Bring the ball of the foot down, stretch back through the line of the heel, lift the knee, and then bring that lift all the way up into your hip joint. Here comes the challenge pose, keeping the leg lifted. That's your meditation. Back thigh lifted, back thigh lifted, back thigh lifted, back thigh lifted, all the way into the hip joint. And we'll hold for five, four, three, two, and release down. Let's let the leg down and take a break. So these actions that you're learning here in these few poses, they're actually expressed in a number of different poses. So many poses require that stability from the legs, from the knees, and from the hips. And with practice, and it does take practice, to really feel these things so they can be called your own. With practice, we can start to see how to express these things in the different poses and really build up a strength and power in the legs and bring the health into the knees that we need. Om. Namaste. I look forward to sharing with you the next sequence.


Christel B
3 people like this.
Love this sequence to help us stay safe by understanding deeper mechanics of our practice so that we may continue without harming ourselves in the long run.
Nathan Briner
Thank you Christel. Yes, I wish these concepts were talked about more to help people stay safe while enjoying the benefits of the practice.
Joan J
2 people like this.
Thank you for sharing this Nathan. I have bad knees, you brought the focus on how to better support them without doing any damage. Now I will be more aware of foot placement in poses, and hopefully be able to open my knees and hips more. I look forward to more of these sessions.

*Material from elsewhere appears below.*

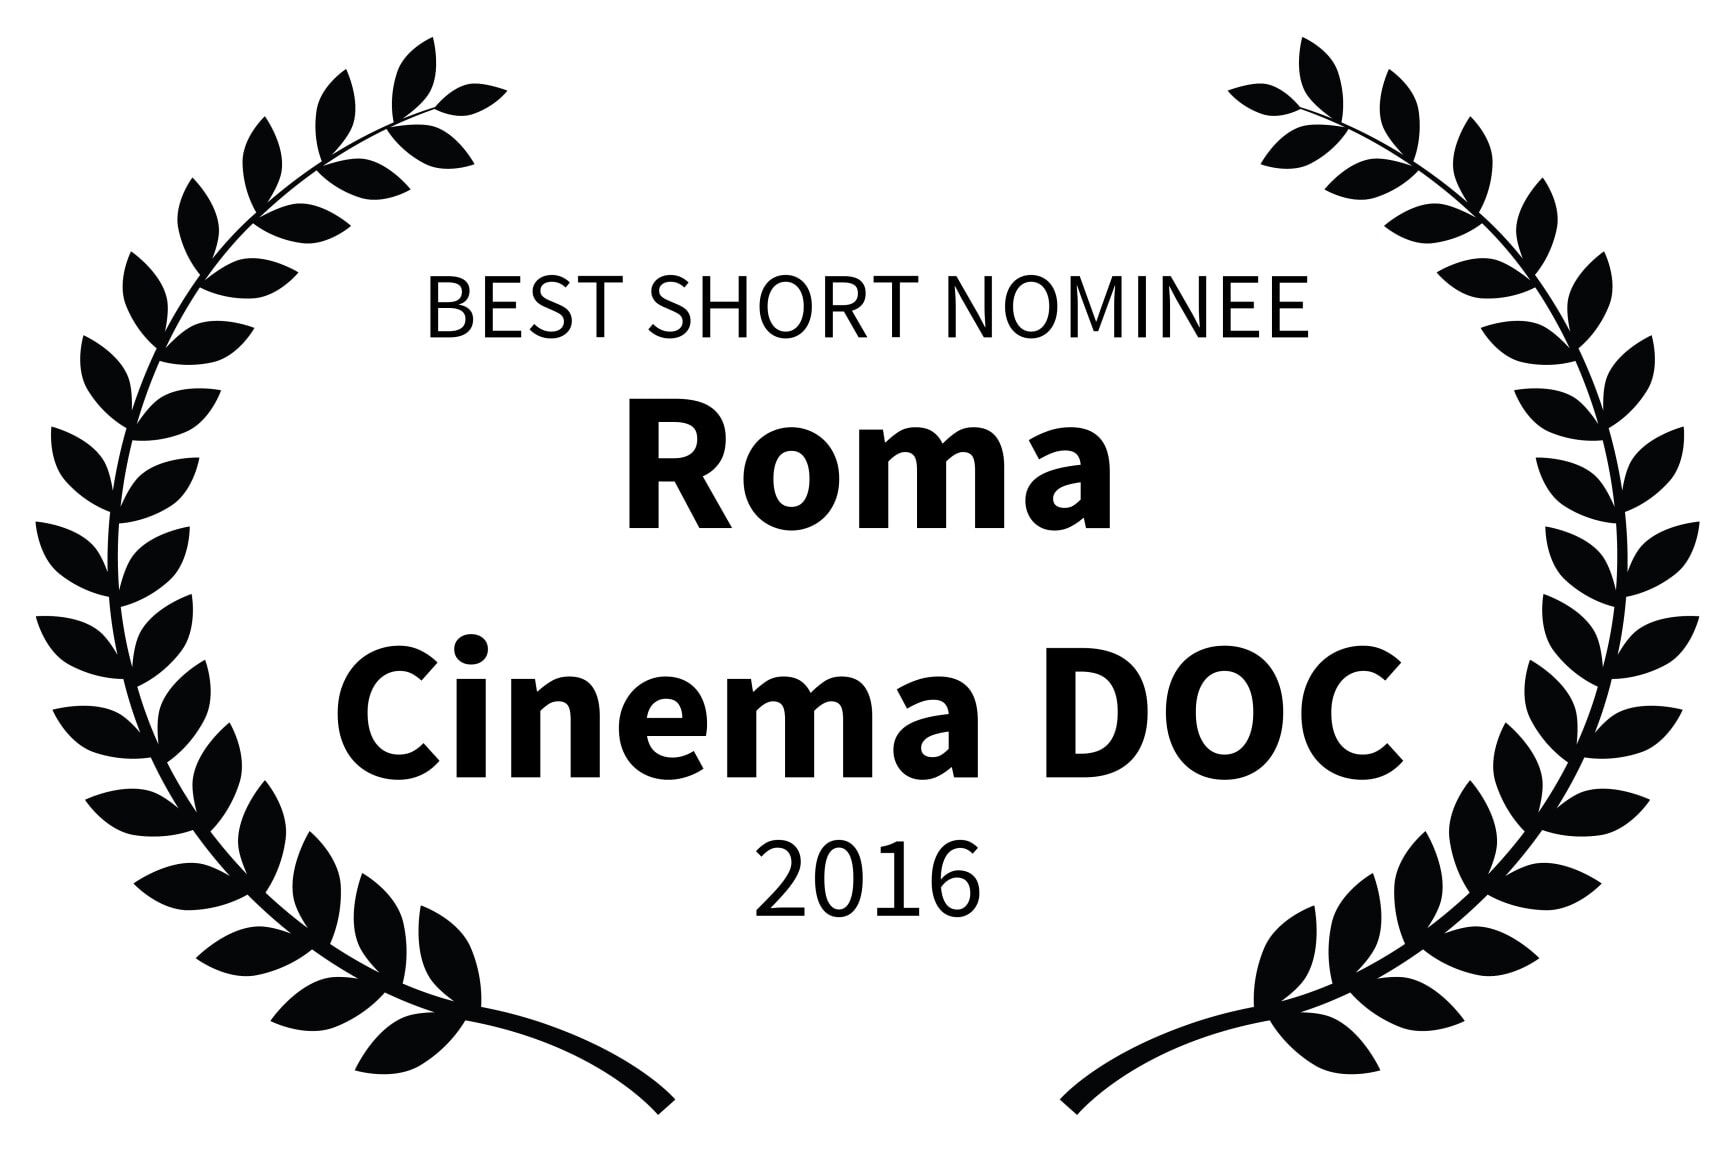 TBEST SHORT NOMINEE - Roma Cinema DOC - 2016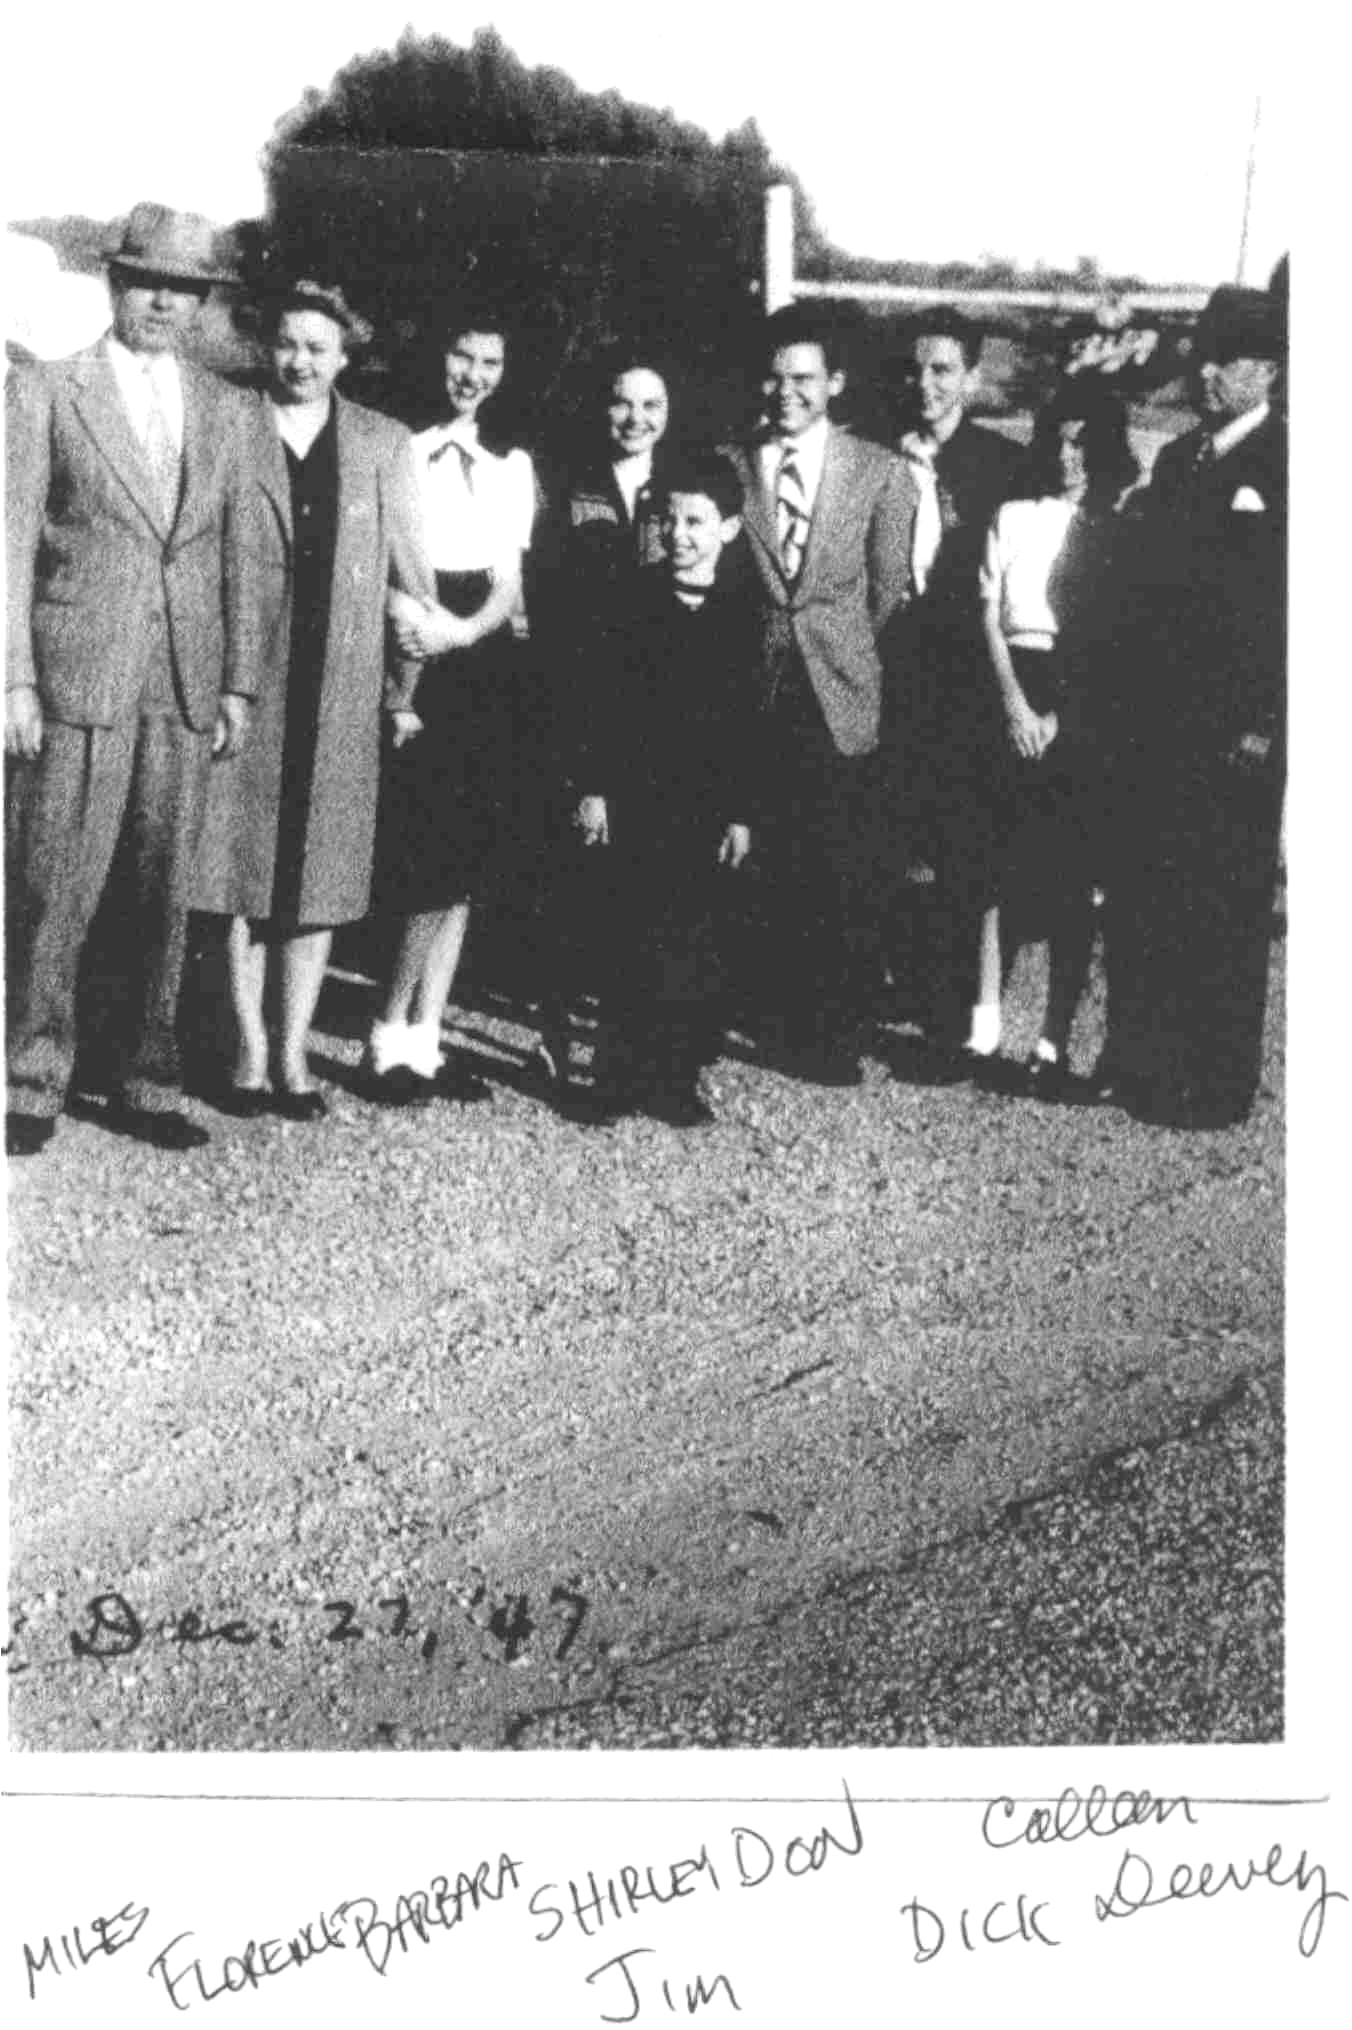 Miles, Florence,Barbara, Shirley, Jim, Don, Dick, Colleen, Dewey-Dec 27,1947

Grateful for your teaching 🌾
Nathan Briner
Joan, the foot placement is quite a big key to the function of the knee, as is the hip. I am so happy to read all the feedback I have been seeing about the safe movement understandings. I look forward to presenting much more in the future.
Kate M
1 person likes this.
Love the presentation of these concepts. The repetition is really helpful in internalizing the concepts. So effective!
Linda D
1 person likes this.
I have students with knee problems, so this was so helpful to see. I look forward to sharing it with my class.
Peter M
2 people like this.
That was very insightful I have hurt my knee jumping four months now
Doing rehab squats elastic band resistance work is getting better what a complex
Joint is I will use this to help with my healing it is very challenging to heal I heard there is fourteen ligaments to the joint I totally agree with what you say thanks
Nathan Briner
Peter, take your time with the healing. The movement of yoga can help to bring strength and fresh nutrition to the knee and it can build the confidence to trust the joint after an injury. But remember that time is the ultimate healer if there has been damage to the tissue. Be patient with your body as it recovers.
Peter M
Ok will do cheers .
Kat B
Nathan, thanks so much for this series! In such simple terms you help me understand why I've been unable to hold a pose comfortably and how to build the pose without strain. Amazing!